In this post I will be installing a TMG Array as a “back firewall” behind a hardware firewall. The Array will consist of two virtual servers, TMG01 and TMG02 which each have 3 NICs. One NIC will be dedicated to the LAN network, accessible internally. One NIC will be dedicated to the DMZ network, accessible to the outside world on a static mapped IP. The third NIC will be a dedicated intra-array communications NIC as per Microsoft’s recommendation.
Both TMG servers will be domain joined – there are several reasons for this, not least of which is that we require integrated authentication for the proxy clients.
The array will be a Network Load Balanced proxy server for all LAN clients to access the internet; it will provide content caching and malware protection. It will also reverse proxy Outlook Web Access, ActiveSync, Outlook Anywhere, SharePoint and some internal static HTTP resources. It will also provide SSL VPN (SSTP) access for remote clients, but that will be the subject of a later post.
The network diagram for this setup looks like this:
Prior to installation, it’s important to get the network adaptors configured correctly, the reasons for which are discussed later in more detail, but the basic rule is that there should only be one default gateway and one adaptor configured to provide DNS resolution to the internal network.
TMG01
IP Address |
Subnet Mask |
Gateway |
DNS 1 |
DNS 2 |
TMG02
IP Address |
Subnet Mask |
Gateway |
DNS 1 |
DNS 2 |
Run the following procedure on BOTH servers.
Configure all 3 NICs with their assigned IP addresses.
Run the TMG 2010 installer, ensure you’ve run Windows Update and you’re fully patched.
Run the Preparation Tool, which basically installs pre-requisites and checks for required Roles and Features. Correct anything that’s not installed.
Launch the Forefront Configuration Wizard
Accept the license agreement
Enter the product license details
Select the option to install
Install path (this is not where the proxy cache is stored, configure that later!)
Configure the Internal network IP address ranges.
Accept the services warning
Since there are domain controllers in other network ranges for this domain, TMG will create a system policy for AD connections to all the IP addresses of Domain Controllers. It will also create a management access rule for the workstation IP that is connected
Click Install to begin the installation – this takes a while!
After about 40 minutes, you reach the completion screen.
While that’s installing, you can set up the required DNS records.
TMG01* |
TMG02* |
proxy (or whatever you want to call the proxy NLB!) |
TMG01-IA |
TMG02-IA |
*created automatically as they’re domain joined with AD integrated DNS
The additional records here are for the NLB virtual IP address (proxy.domain.com) and for the Intra-array communications network. The intra-array DNS records are required because of the Kerberos dependency to access the Array Configuration Storage Server (CSS); it requires a SPN (Service Principle Name) to be configured, which in turn requires DNS resolution.
Both TMG servers should be updated to the latest SP level.
The service pack installer must be run from an elevated command prompt, otherwise it will fail.
Run the SP installation
Accept the license agreement
Select the server, and the credentials
Run the installation
If you receive any errors or warnings, the chances are you’ve not run the installation from an elevated command prompt. You need to re-run the SP to install correctly.
Restart the server (it now seems to take a lot longer to reboot the servers – be patient!)

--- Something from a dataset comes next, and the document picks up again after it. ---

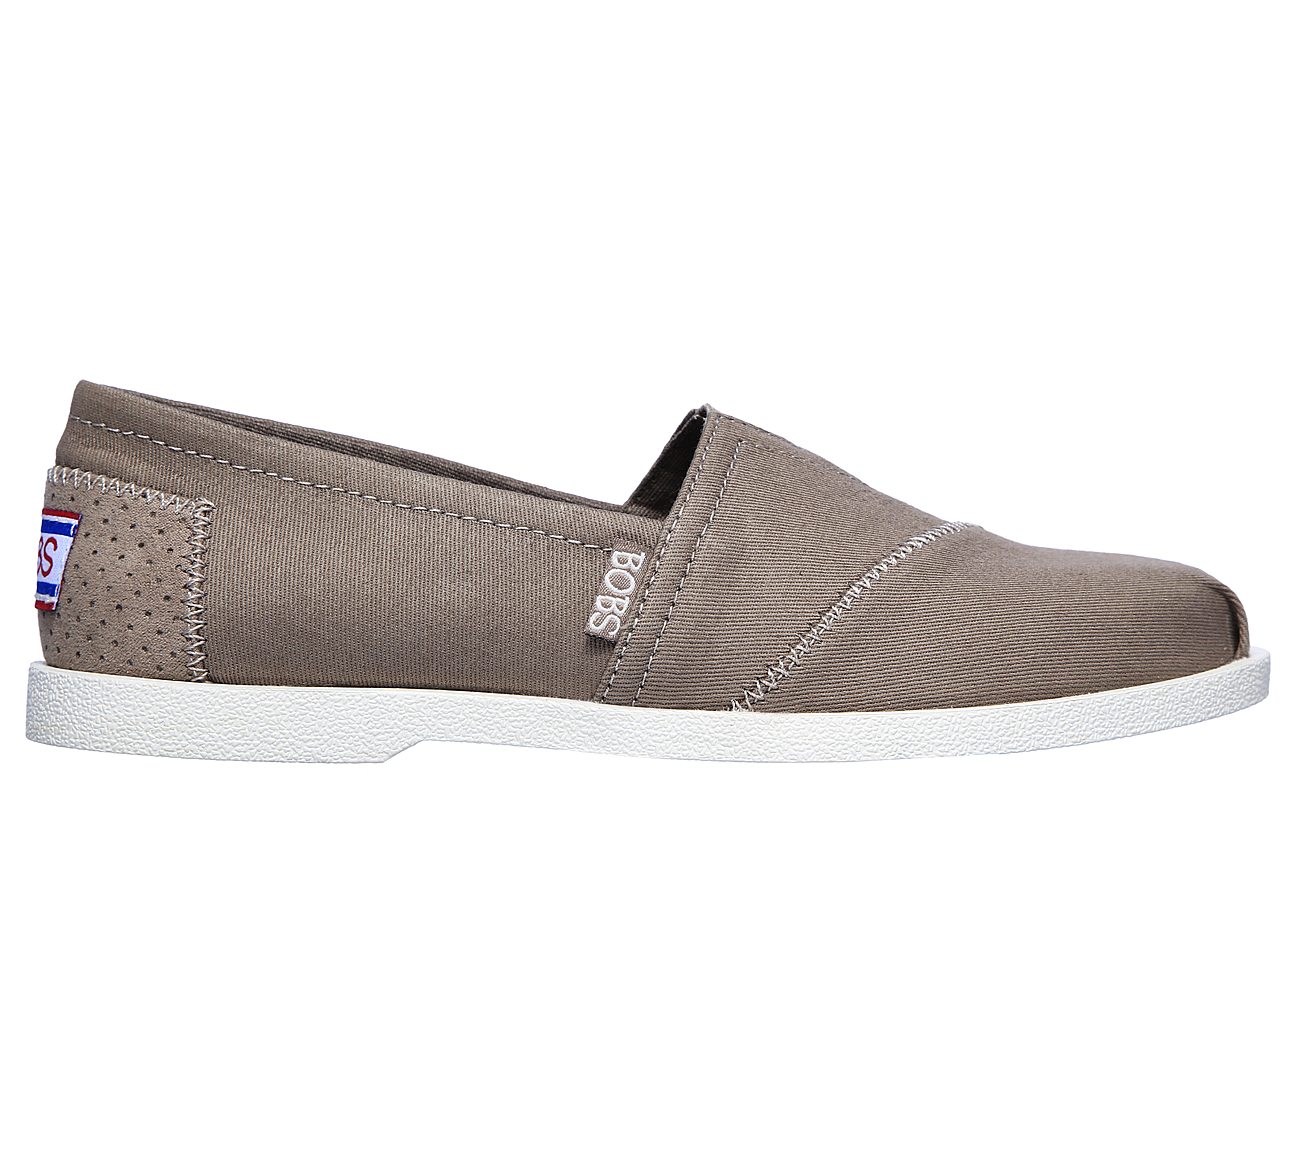 Buy SKECHERS BOBS Chill Luxe - Sierra Sundays BOBS Shoes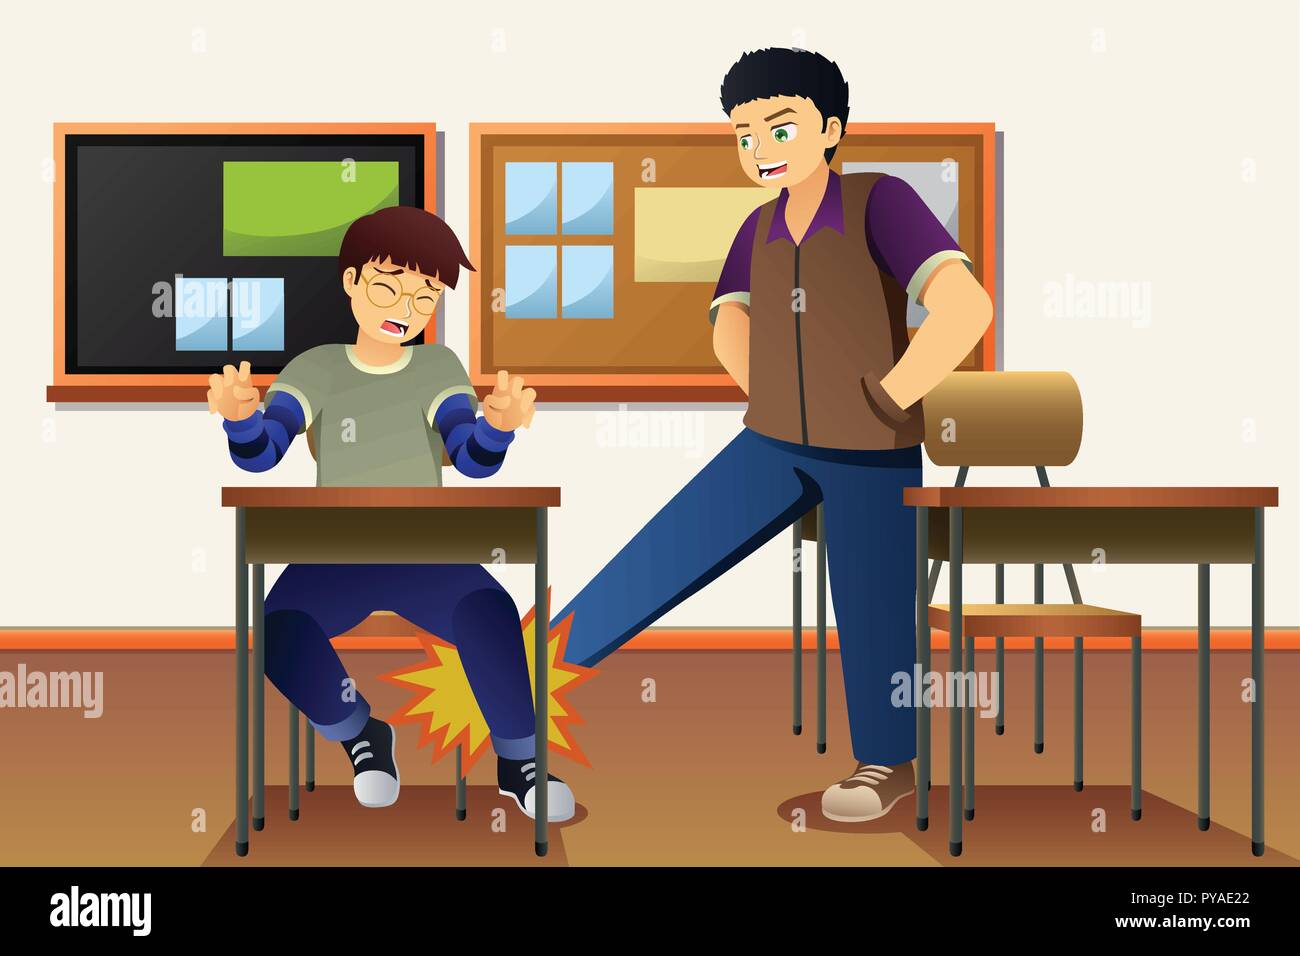 A vector illustration of Student Bullying His Friend Stock Vector

When you run the Forefront Threat Management Console for the first time it will run the Getting Started Wizard
Click, Configure network settings – start the network setup wizard
Select the correct network template – for this setup it’s Back Firewall
Select the network adaptor for the LAN network – this is where some network routing information is required. TMG should not have multiple default gateways, just one “gateway of last resort”. In this case it should be the address of the Front firewall on the DMZ, because that’s where we want to route anything that is not on our internal network. This means that we need to add a route for all INTERNAL networks that we want to route via the gateway for the internal network. This depends on the topology of the network TMG is installed in. DNS is configured on the interface closest to your internal DNS that is capable of resolving external namespaces. Routing is configured in the next section.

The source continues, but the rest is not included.